Using OpenLayers, I added a WFS layer (on GeoServer) with a filter that returns all features (black) that intersect my polygon (yellow) placed over some Latin American countries within certain dates.
However, the feature that crosses horizontally across the map does NOT actually intersect my polygon. This feature is somewhere in the pacific ocean between Hawaii and Fiji and NOT in Latin America. The problem is that instead of crossing the International Date Line it is being rendered on the map by wrapping around the whole world.
The problamatic feature is defined:
POLYGON((-179.700417 14.202717,-178.687422 13.992875,179.024138 8.24716,-179.98241 8.035567,-179.700417 14.202717))
I have many of problematic date line features like this but have narrowed it down to this one for this example.
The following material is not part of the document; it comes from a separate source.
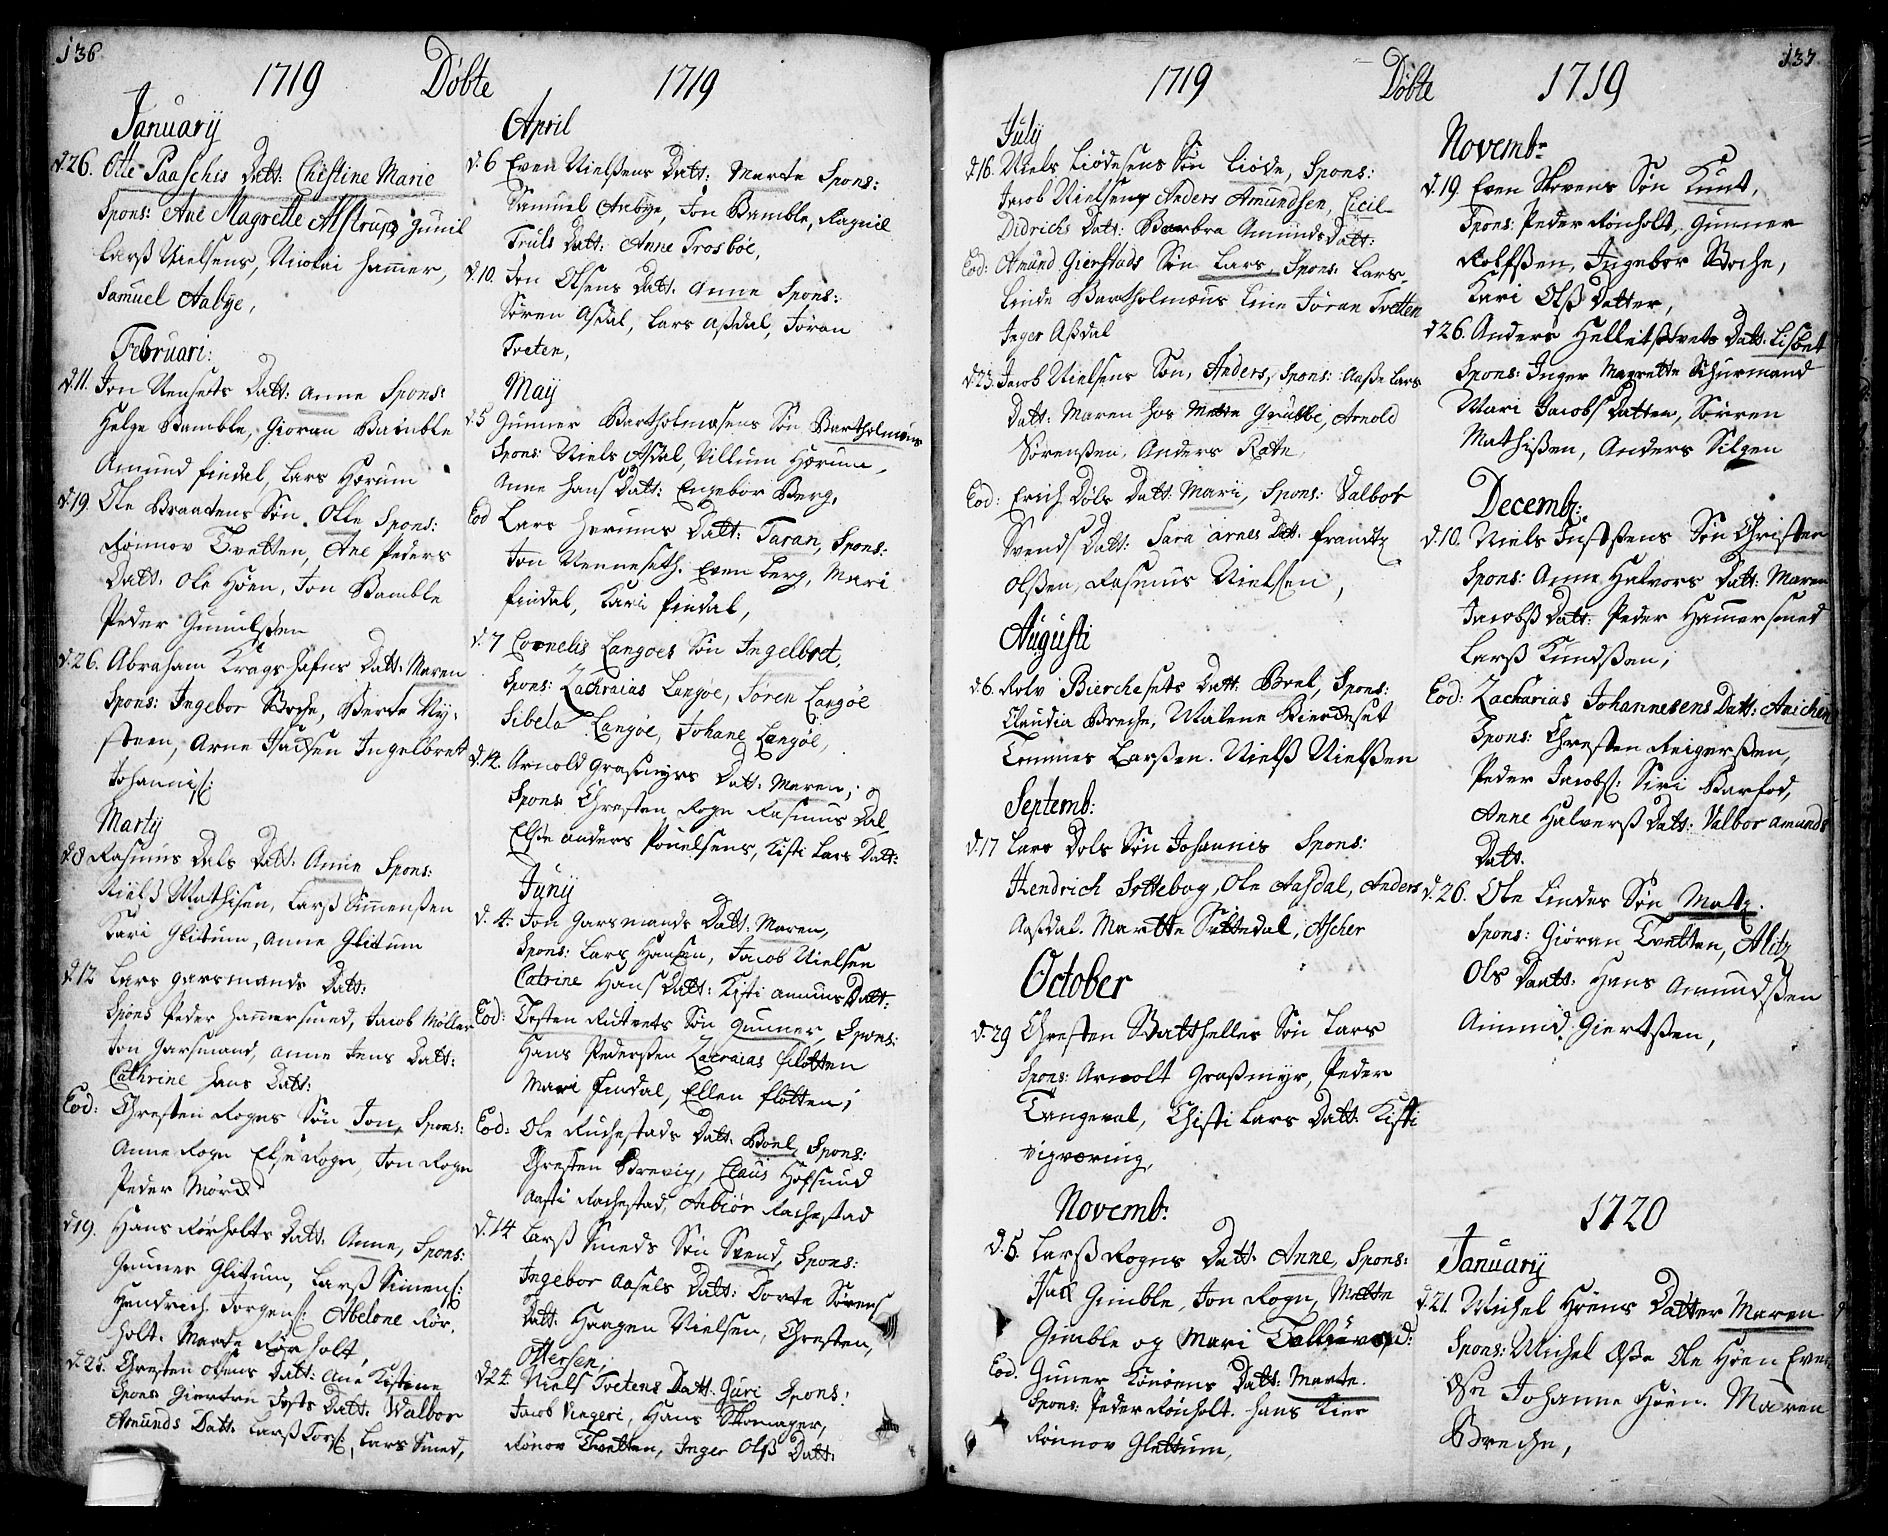 SAKO, Bamble kirkebøker, F/Fa/L0001: Ministerialbok nr. I 1, 1702-1774, s. 136-137

I can't just ignore it in my application because I have many of them.
I've tried using "wrapDateLine: true" in base layer and WFS layer with same results.
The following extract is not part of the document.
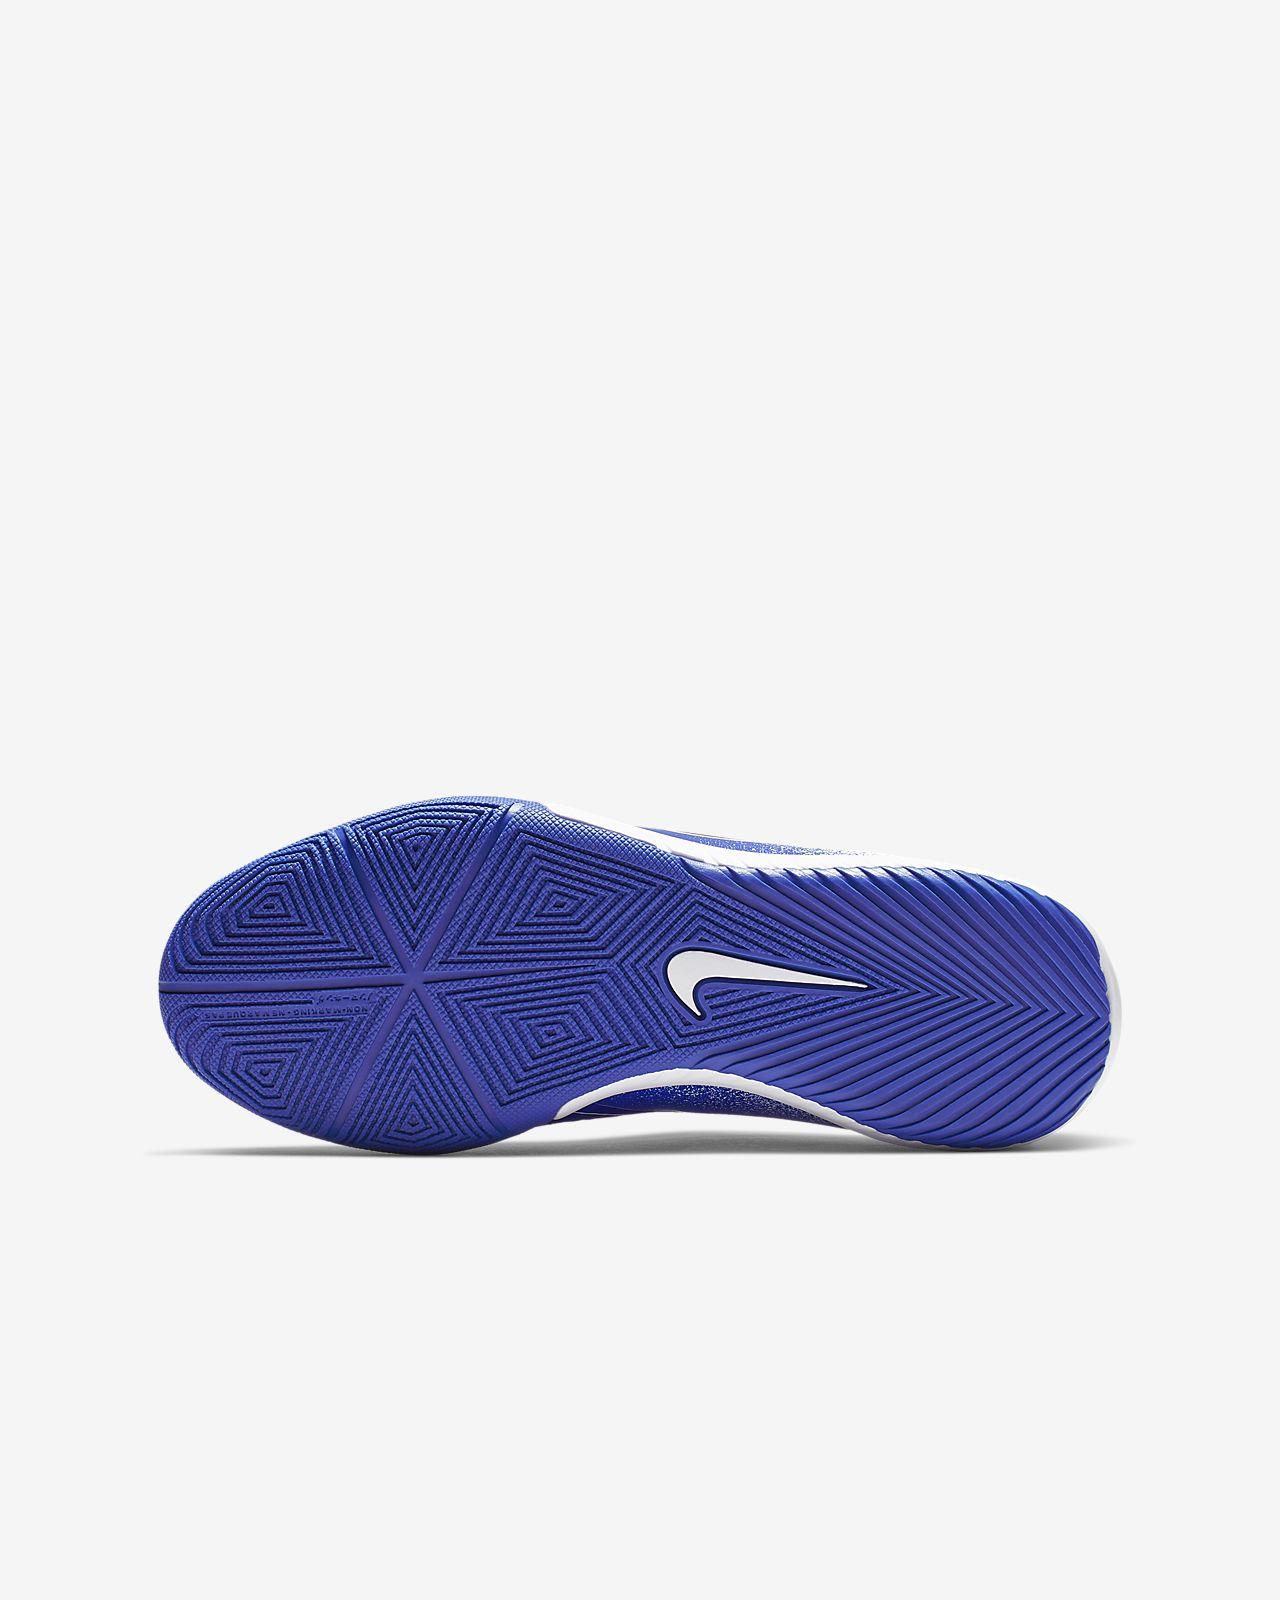 size 40 390f2 efd48 ... Nike Jr. Phantom Venom Academy IC Older Kids  Indoor Court Football Boot

Not sure if this would be a GeoServer problem or an OpenLayers problem.
Does anyone know a solution to my international date line problem?
Answer
Unfortunately this is a known problem. The issue is that geometries that cross the date line like this are ambiguous. The OL and GeoServer renderers have no easy way of knowing that the intention is to go the "short" way around the world so they just interpret for instance 170 to -170 the "regular" way and go the long way around the world.
Unfortunately there is no good solution for this except to split up your geometries that lie across the dateline.